Vintage Meat Jelly (Aspic)
Prep:10 m
Cook:3 h
Total:3 h 10 m
Cuisine:Eastern European
Course:Main course Lunch Dinner Appetizer

Vintage Meat Jelly (Aspic)



On my way to a meeting one day, I was wearing my standard all-black uniform: a black blazer, coat, and trousers. The only thing that was different that day was that in my black handbag, instead of the usual pink laptop, I had some pink pig hoofs, aka, pettitoes. It did indeed feel funny going to a meeting with such bag content. However, it got much more amusing when I found out what the meeting was for: I got an offer to write about various bizarre foods.

Exactly like the one I was going to make that day for a Christmas party. Meat jelly. Not the kind of Lithuanian moms and grannies make, but the vintage, American one, called aspic. Google “70 aspic”, you won’t be disappointed.

I wanted a traditional flavor mixed with the awful aesthetic of peas, meat, crab sticks, and olives. And put an egg on it, so it works for breakfast, too.

I enjoy all the so-called icky ingredients, and I’m currently crazy about all things collagen – creams, Japanese food supplements, and, of course, bone broth. So the time came for the new (?), collagen-filled superfood: pig pettitoes. Some say that this trend is a fad, but to me, mushes full of collagen work like a placebo, and I like the taste, too. And it’s cheap!

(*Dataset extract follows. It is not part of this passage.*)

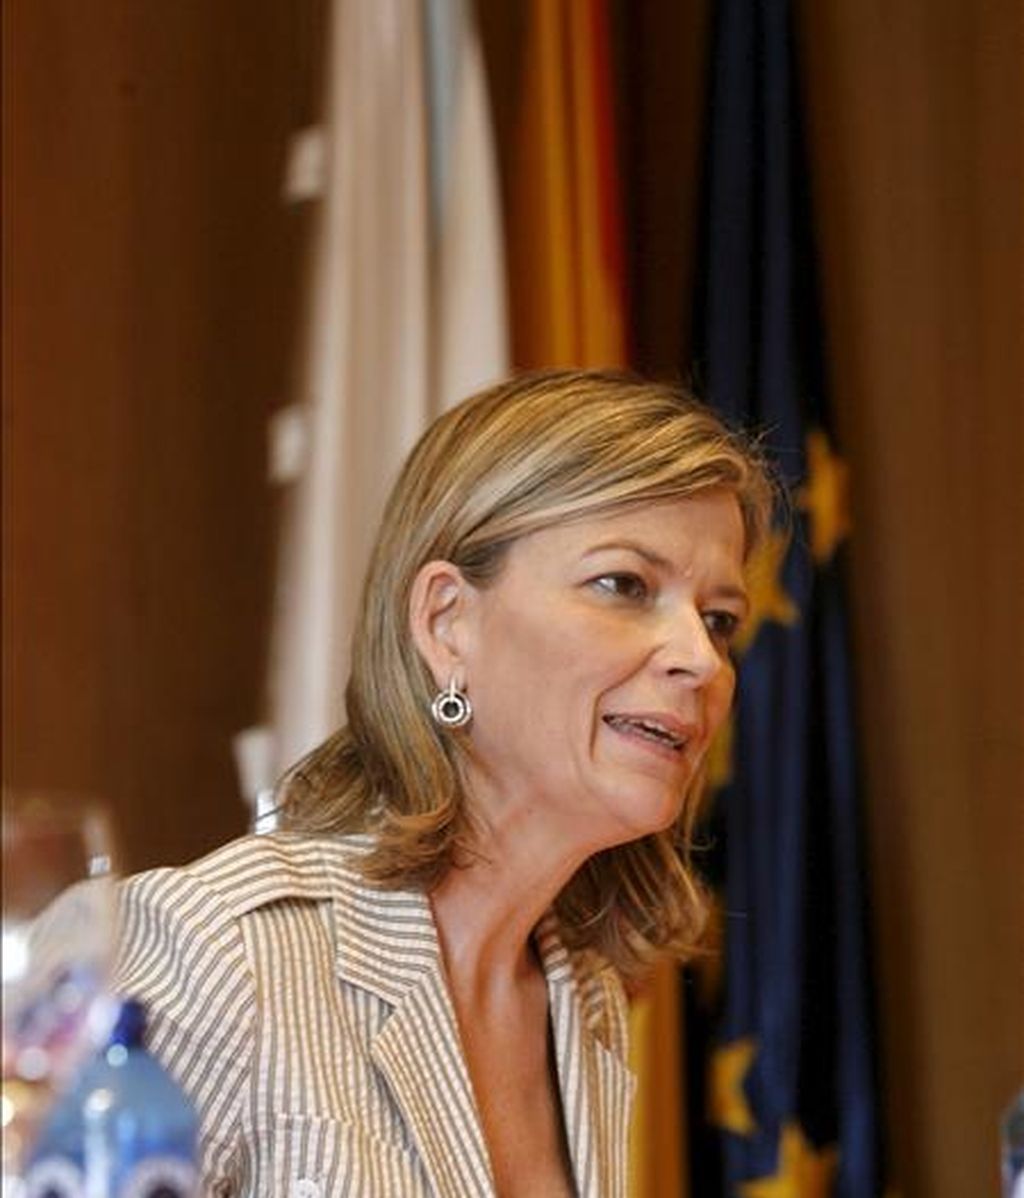 La vocal portavoz del Consejo General del Poder Judicial (CGPJ), Gabriela Bravo. EFE/Archivo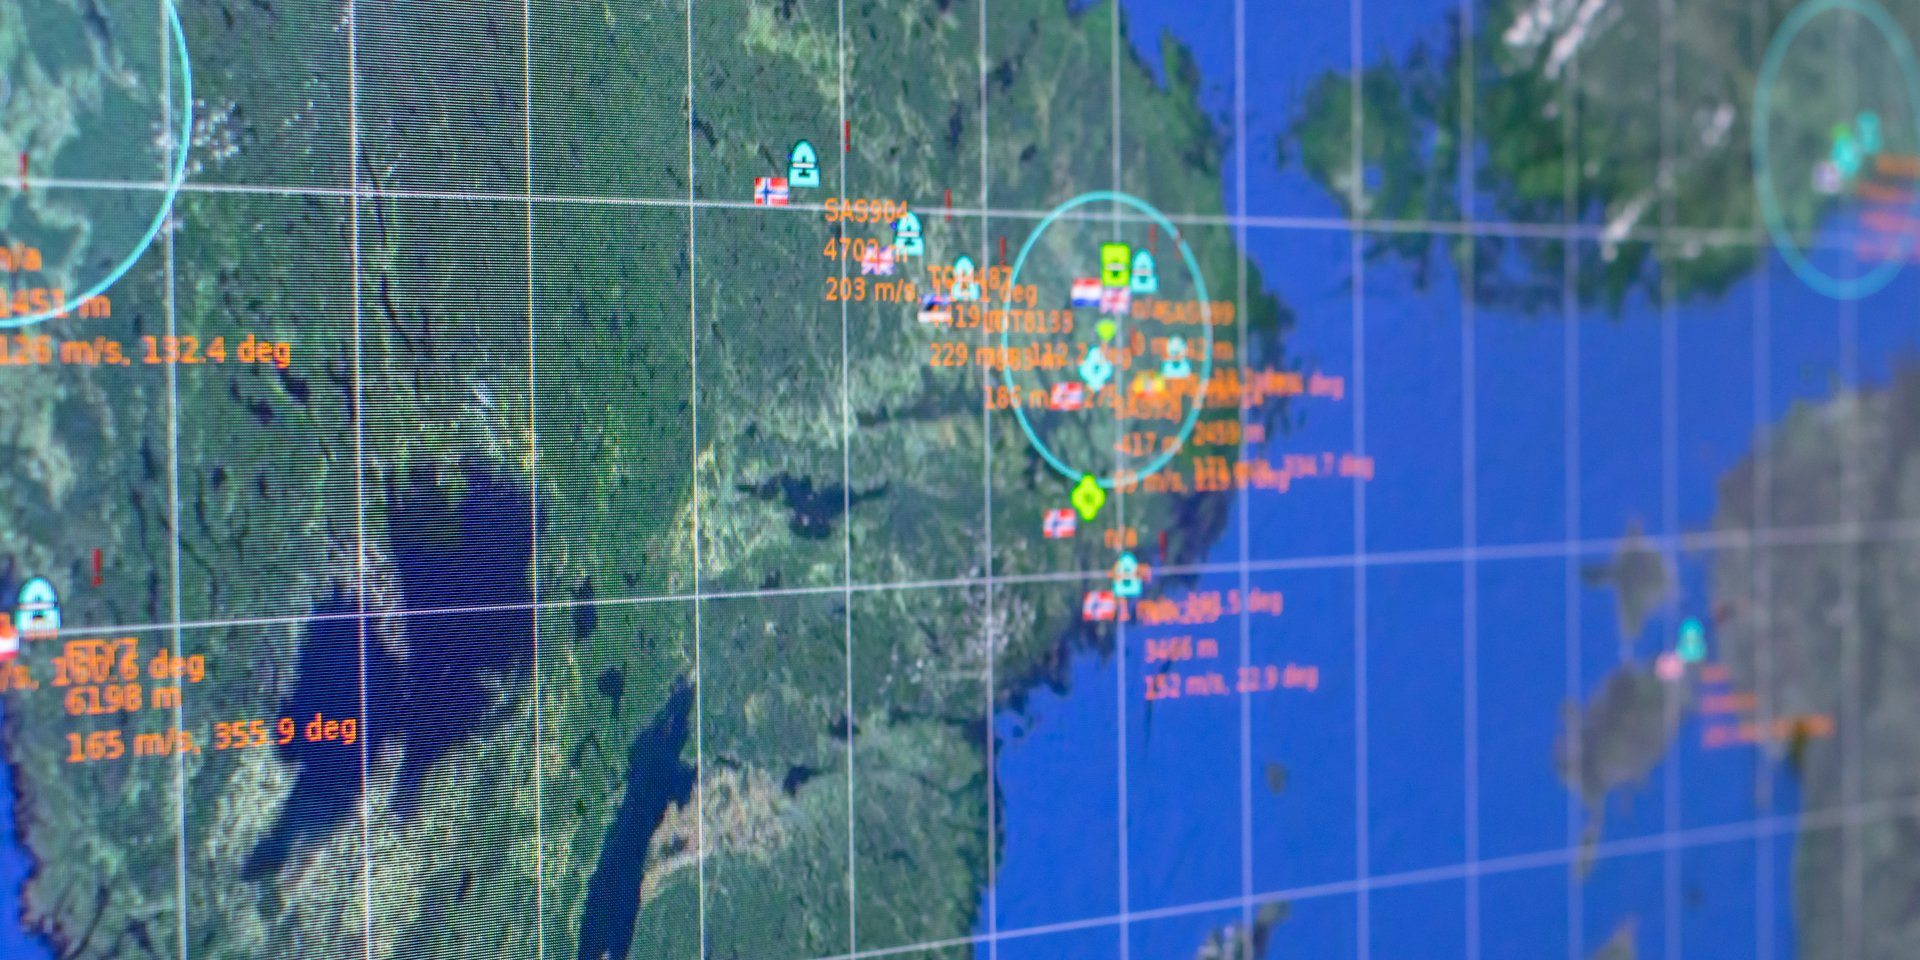 Map-display-at-EyesOnHelsinki-1920px-wide

By the way: those that like their aspic quite sturdy will surely not enjoy my super mild masterpiece that melts in your mouth.


  • 2 pig pettitoes;
  • meat of choice (I used pork);
  • 1 medium-sized parsley root;
  • 1 large carrot;
  • 1 large onion;
  • 2 cloves of garlic;
  • 2 bay leaves;
  • 4 black peppers (not crushed, whole);
  • pinch of salt

Ingredients to improve the aesthetics of the aspic:

  • cooked sausage;
  • frozen peas;
  • boiled egg;
  • crab sticks;
  • olives (I chose green ones stuffed with bell pepper purely based on color);
  • canned corn;
  • celery;
  • pickled jelapeños


  1. Boil the pettitoes and meat for 3 hours on medium heat, constantly removing the foam.
  2. After two hours, add the rest of the ingredients (except those used for aesthetics).
  3. Add all your aesthetically-pleasing ingredients to the bottom of the bowl, then goes the meat.
  4. Cover everything with broth and keep refrigerated until it sets (overnight is the best).